Task statement: Apart from the pictures, everything in the lines below must be printed exactly.

Provided material:
# # # # #
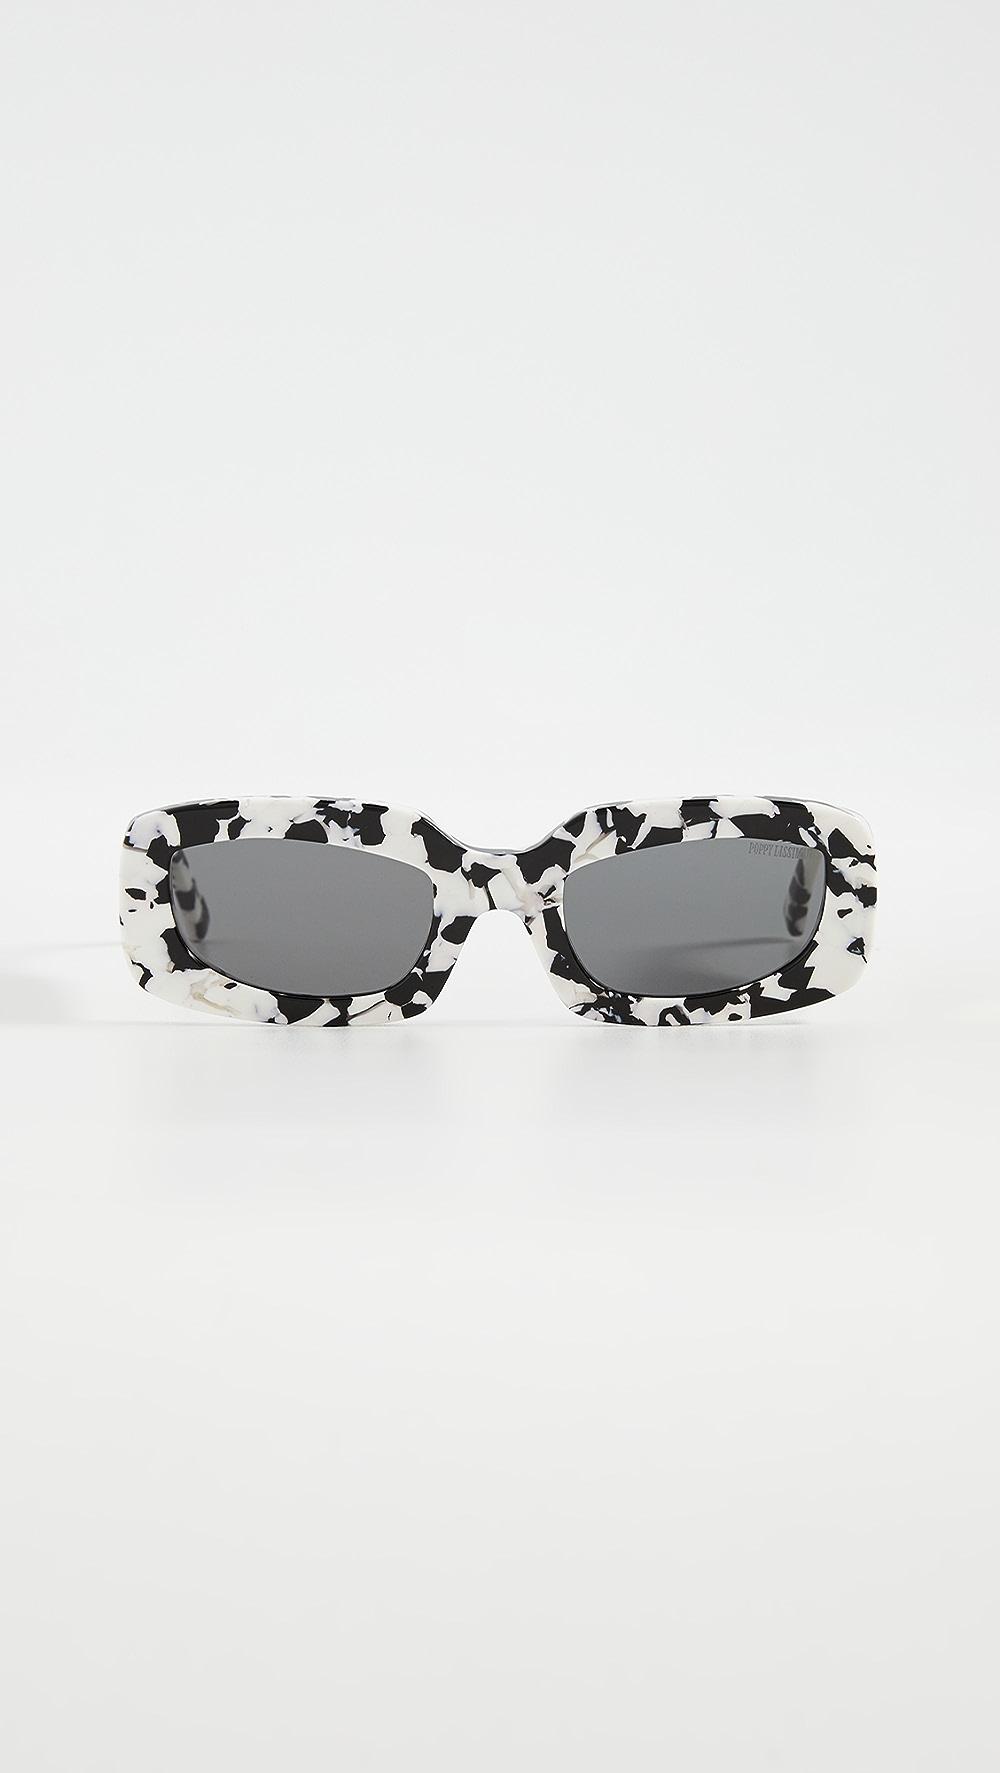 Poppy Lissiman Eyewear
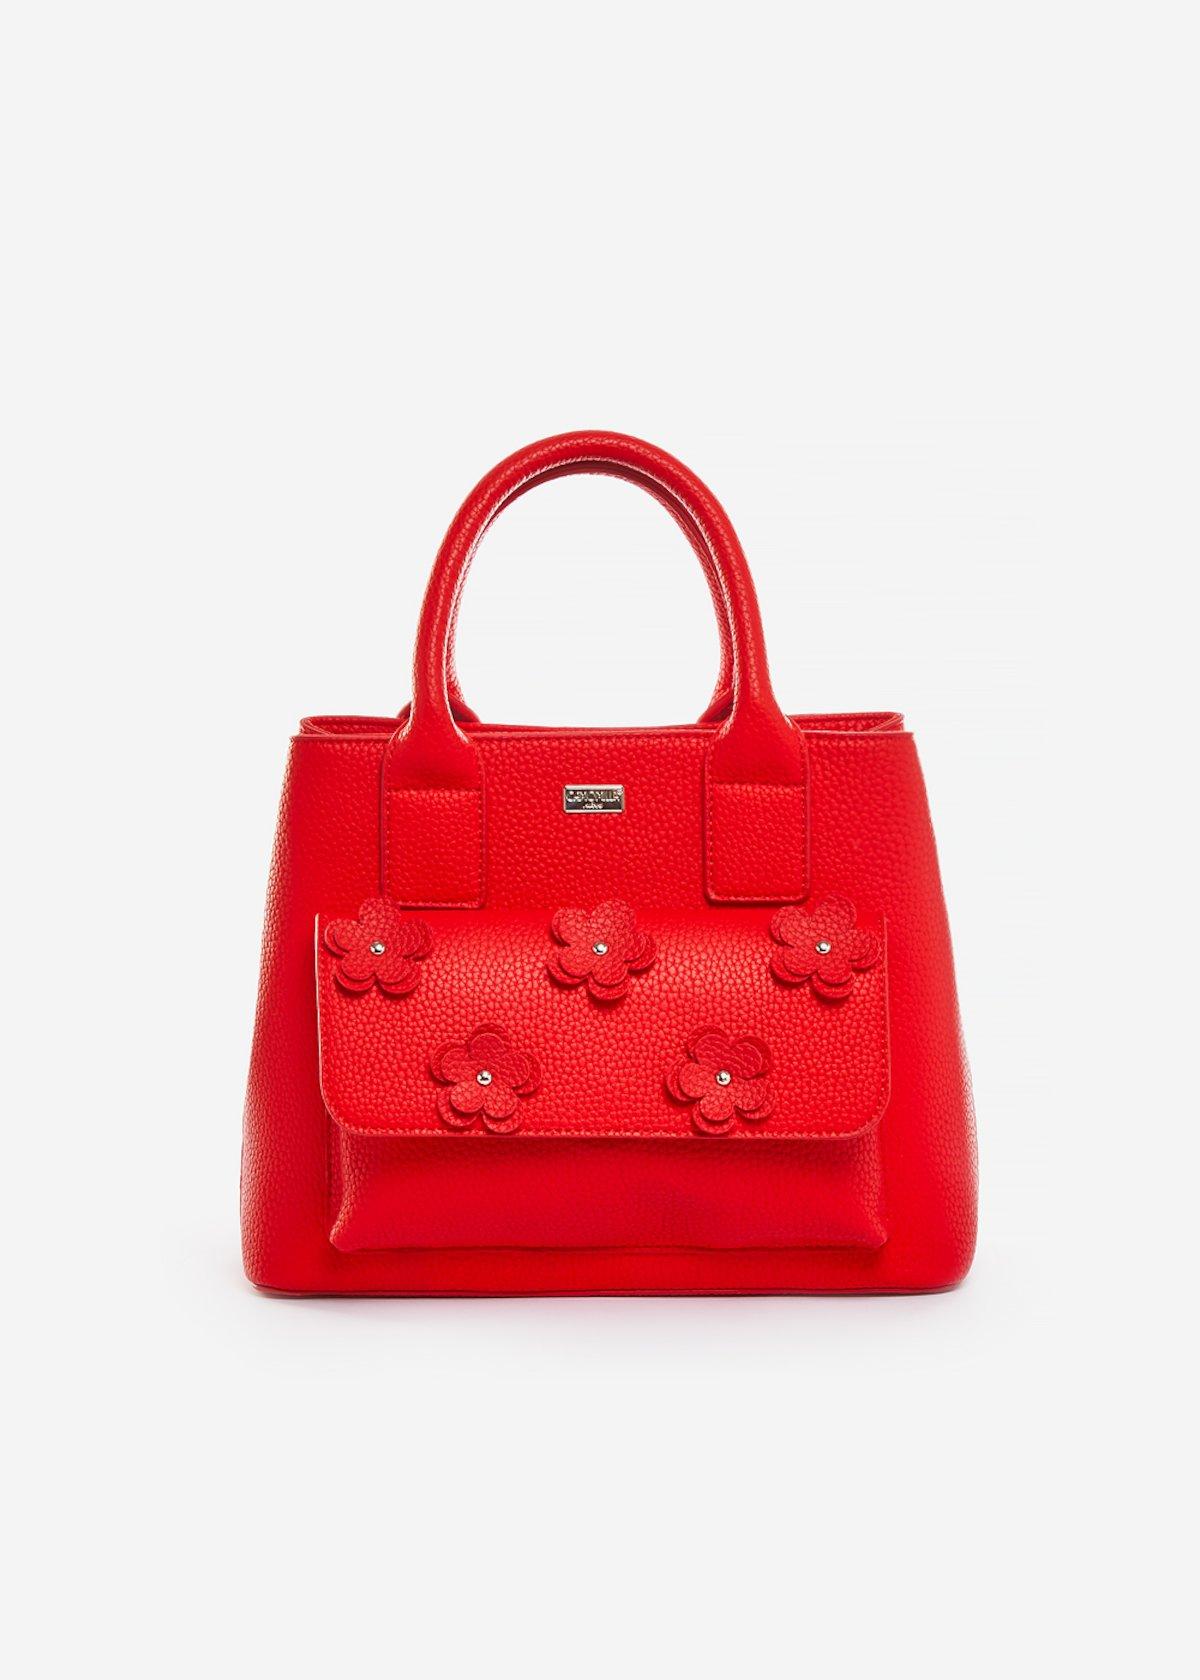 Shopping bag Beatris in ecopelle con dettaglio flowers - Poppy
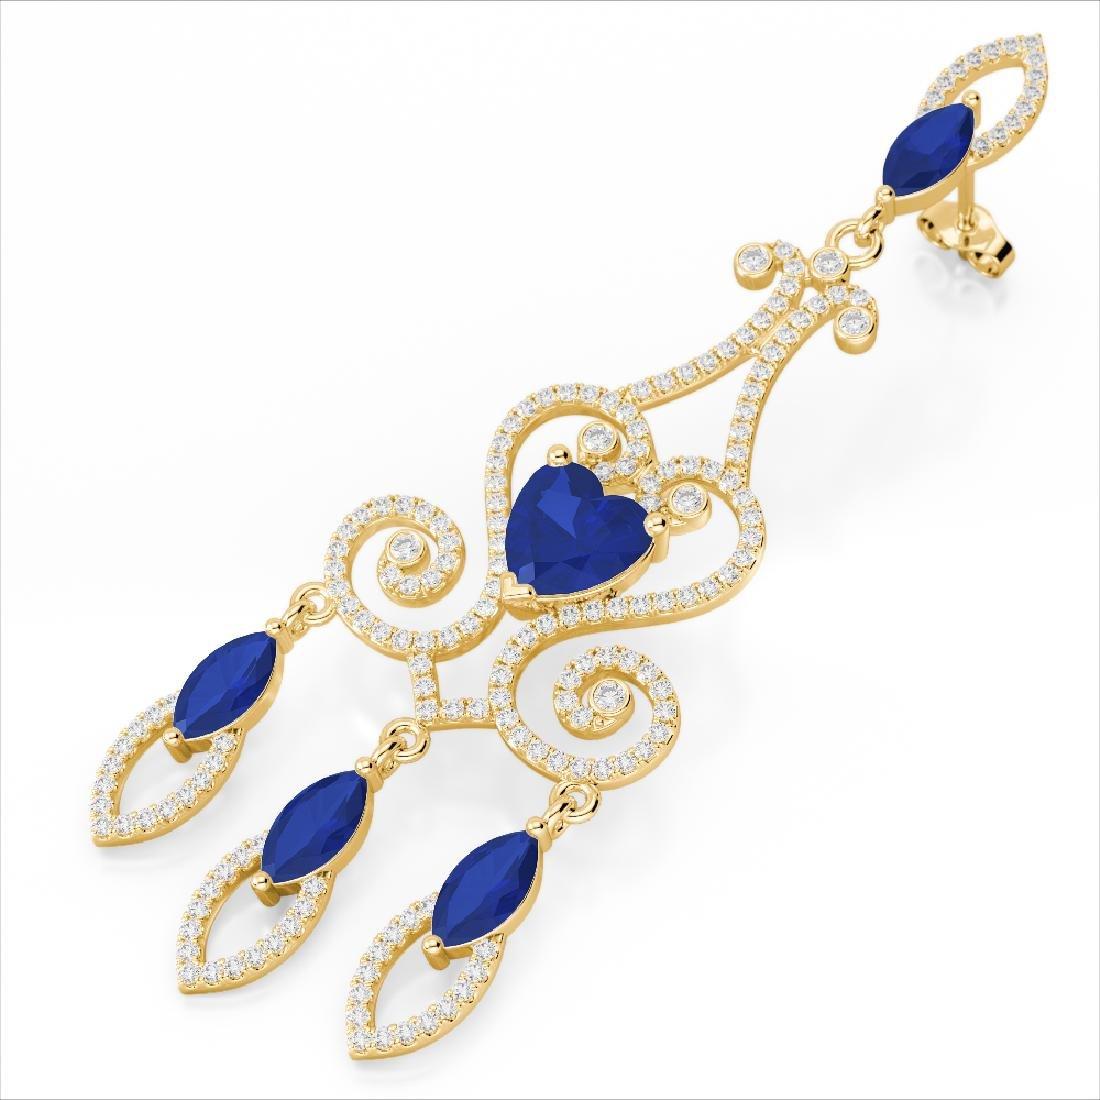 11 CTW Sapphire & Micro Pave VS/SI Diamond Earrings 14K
# # # # #
Expected answer:
 Poppy Lissiman Eyewear
 Shopping bag Beatris in ecopelle con dettaglio flowers - Poppy
 11 CTW Sapphire & Micro Pave VS/SI Diamond Earrings 14K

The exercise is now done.